The present invention in general relates to a high frequency power amplifier using a heterojunction bipolar transistor (hereinbelow, called an HBT) made of InGaP/GaAs or the like and a communication apparatus using the high frequency power amplifier. More particularly, this invention relates to a high frequency power amplifier used in the case of performing an output power control, typified by a CDMA (Code Division Multiple Access) system or the like.
Recently, a high frequency amplifier for use in a portable telephone or the like is required to have higher efficiency to satisfy both small size and light weight of a battery and a longer speech communication time. Particularly, in a high frequency amplifier for a digital radio communication system, in order to reduce power consumption, an RF output power is controlled as necessary. Consequently, high efficiency and high linearity are requested over a wide range of an RF input power.
FIG. 1 is a circuit diagram showing a conventional high frequency power amplifier using an emitter follower transistor type constant voltage source bias circuit. As shown in FIG. 1, in a high frequency amplifier using a bipolar transistor, an emitter follower transistor 12 is used as a voltage source for supplying a base current to an amplifying transistor 11. In the circuit, in order to cancel out a temperature change in a voltage Vbe between the base and emitter of the amplifying transistor 11 and in a voltage Vbe between the base and emitter of the emitter follower transistor 12, transistors 13 and 14 at two stages are provided.
Each of the voltage Vbe between the base and emitter of the amplifying transistor 11 and the voltage Vbe between the base and emitter of the emitter follower transistor 12 is 1.3V. In the high frequency power amplifier having such a configuration, therefore, a reference voltage higher than 2.6V has to be supplied from the outside to a bias circuit.
Meanwhile, recently, a portable telephone system operated on a power supply voltage of about 3V by using a lithium ion battery, NiCd (nickel cadmium) battery, or the like is being realized. In such a system, the voltage of a control IC for outputting the reference voltage is becoming lower.

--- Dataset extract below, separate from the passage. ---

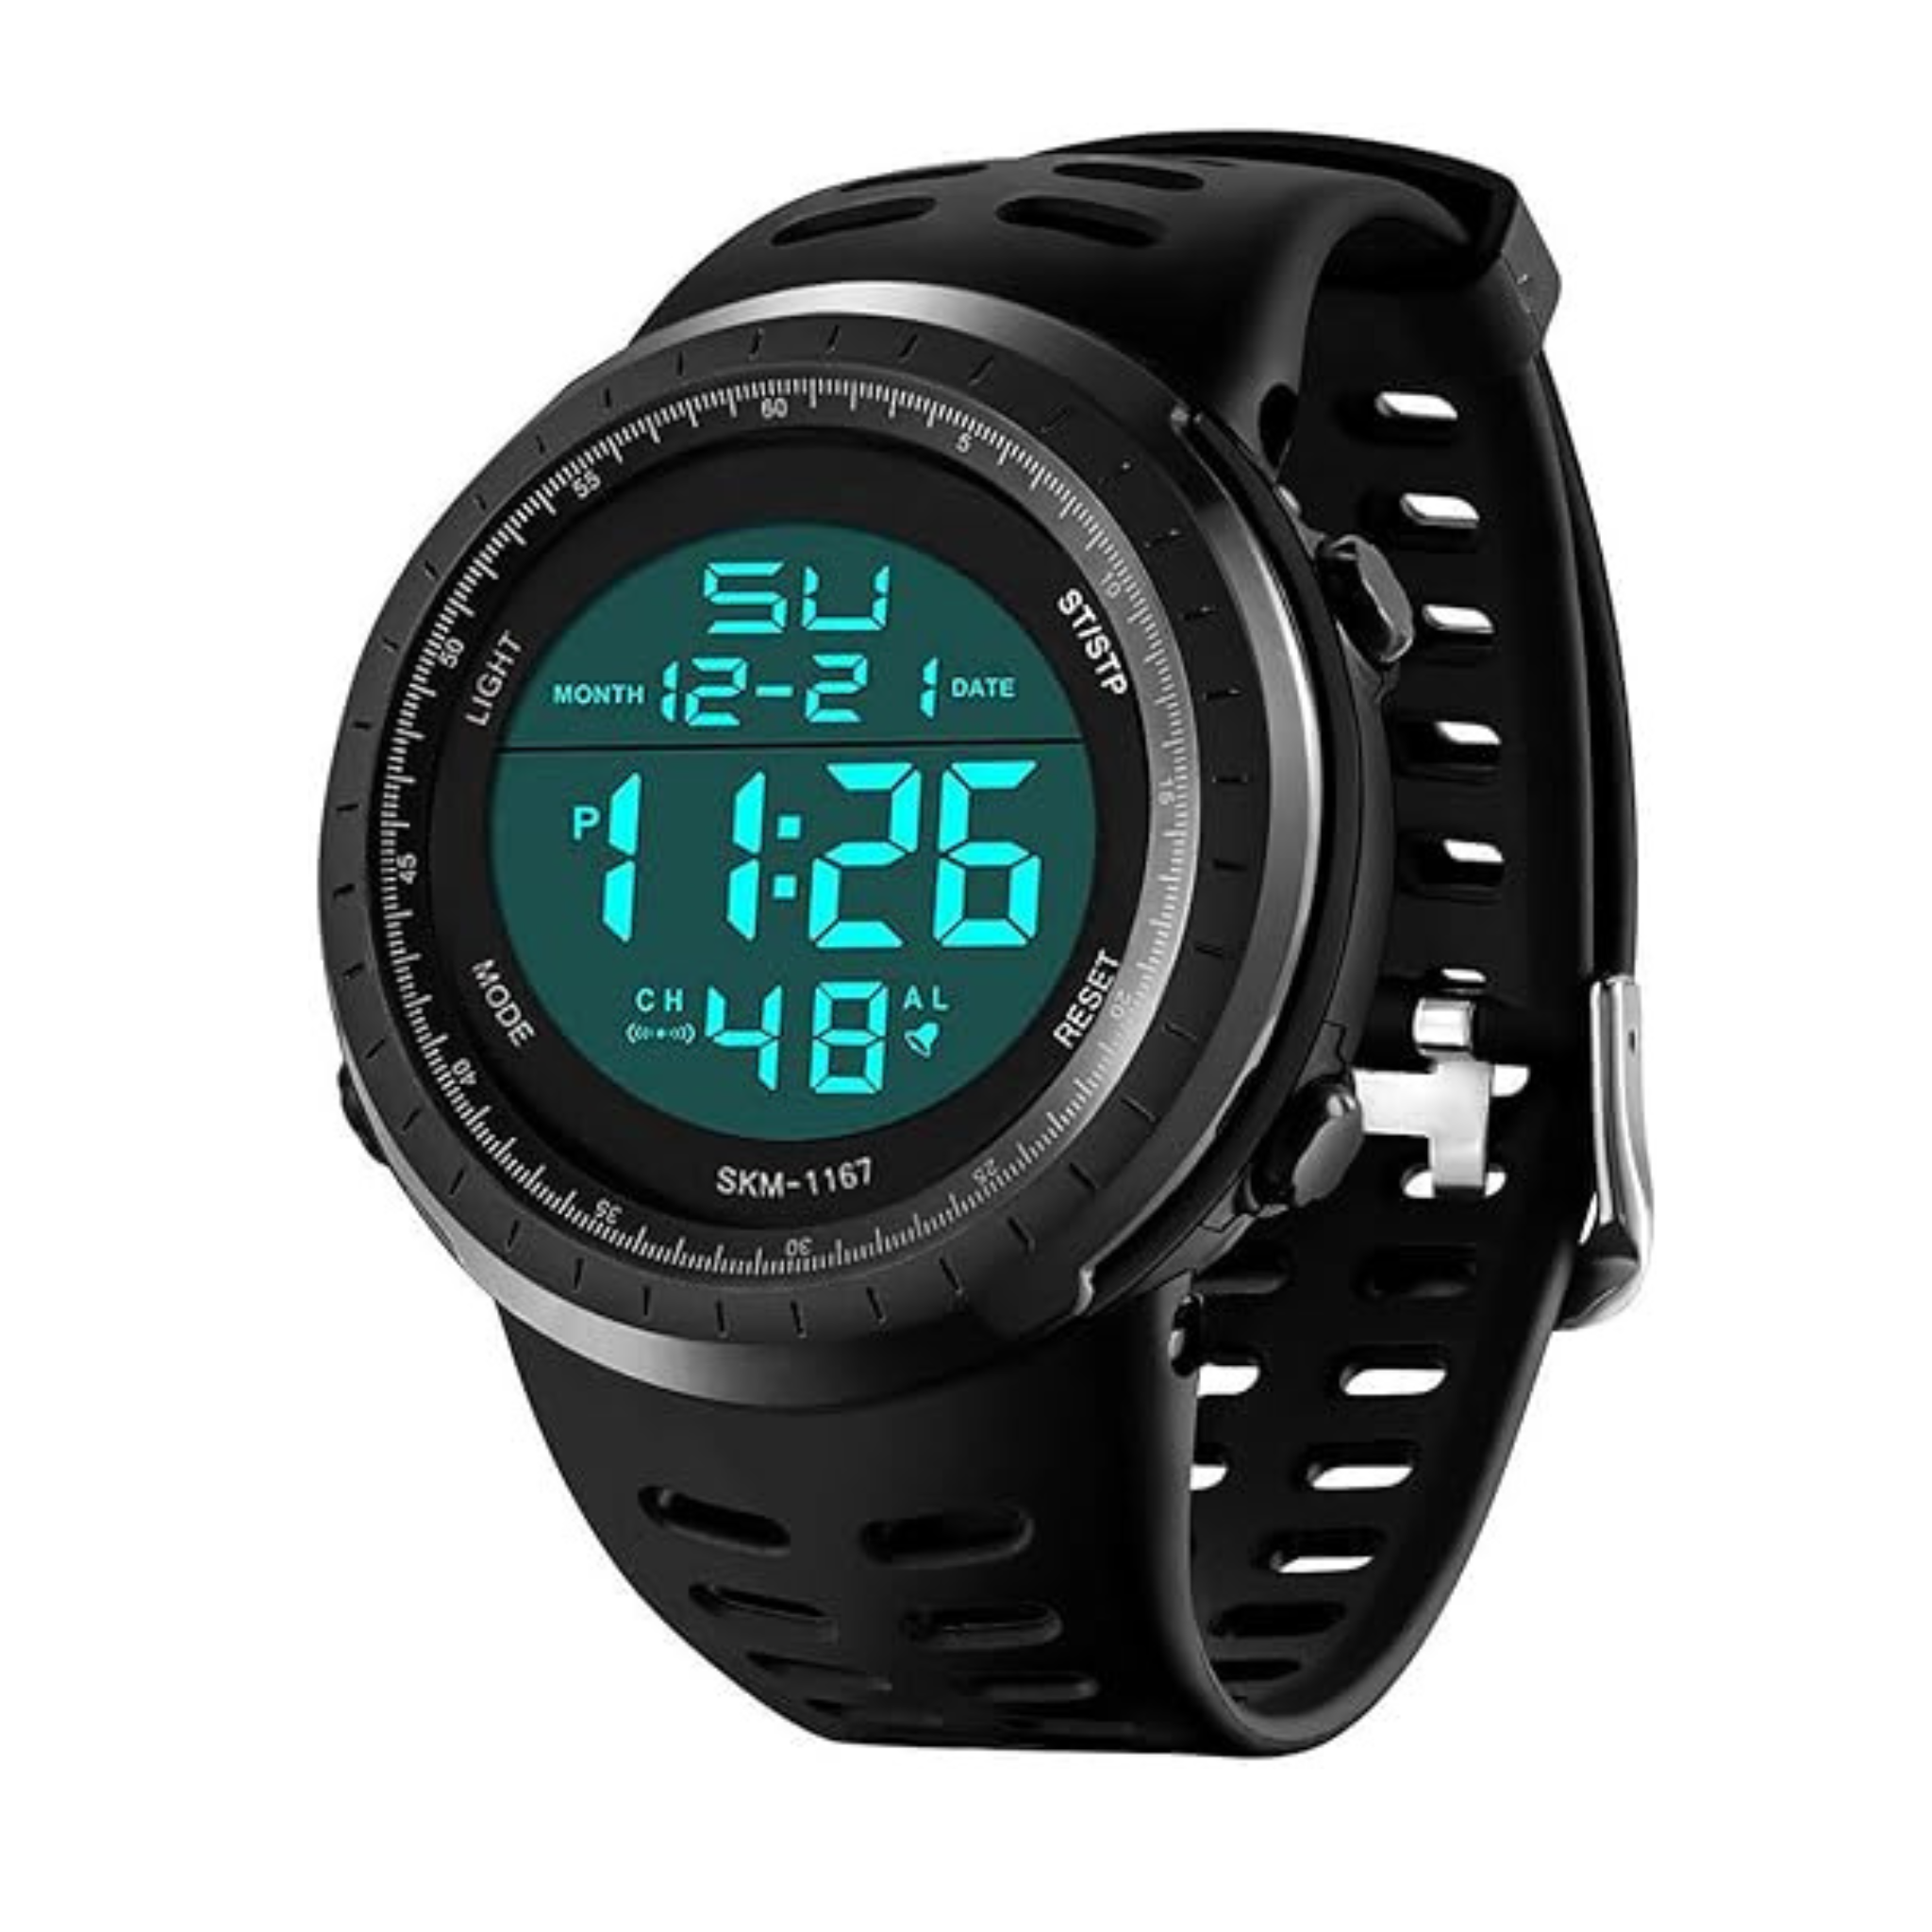 Men's Digital Waterproof Military Watch

It is, therefore, difficult to make the reference voltage higher than 2.6V.
Consequently, it is considered to apply a bias by using a resistor without using the emitter follower transistor. FIG. 2 is a circuit diagram showing the configuration of the high frequency power amplifier in the case where a resistor is used for a base bias circuit. In the high frequency power amplifier, a resistor 15 is connected to the base of the amplifying transistor 11. In the circuit, in order to cancel a temperature change in the voltage Vbe between the base and emitter of the amplifying transistor 11, a transistor 16 for temperature compensation is provided.
In the bias circuit shown in FIG. 2, however, a base bias current which flows via the resistor 15 changes in proportion to an RF output power of the amplifier. A base bias voltage therefore largely fluctuates and an operating point is not constant. Consequently, a problem such that an adjacent leakage power ratio deteriorates occurs.
In a state where the RF output power is low, the base bias current is reduced as compared with that at the time of a maximum RF output, so that a voltage drop amount of the resistor 15 decreases. It makes the base bias voltage rise, and the operation of the amplifier becomes Class A operation. A problem such that the efficiency deteriorates arises.
Further, the reference voltage output of the control IC is generally a CMOS output. Consequently, there is also a problem such that it is difficult for the control IC to supply the base bias current of 10 to 20 mA required by an amplifier of about 1W output.
It is an object of this invention to provide a high frequency power amplifier which can operate with high efficiency over a wide range of an RF output by changing a collector-bias voltage of an amplifying transistor and a communication apparatus using the high frequency power amplifier.
The frequency power amplifier according to one aspect of this invention comprises a detecting unit which detects a collector output power (or base input power) of an amplifying transistor, a voltage changing unit which changes a collector voltage of the amplifying transistor in proportion to the detected power. Furthermore, a resistor for a base bias of the amplifying transistor is connected to the voltage changing unit.
According to the above-mentioned aspect of this invention, the collector voltage of the amplifying transistor is changed in proportion to the RF output power and the DC power consumed by the amplifying transistor is consequently controlled, so that high efficiency can be obtained over a wide range of the RF output. Since the base bias control of the amplifying transistor can be performed interlockingly with the control of a collector voltage source of a large current capacity, a base bias control terminal becomes unnecessary.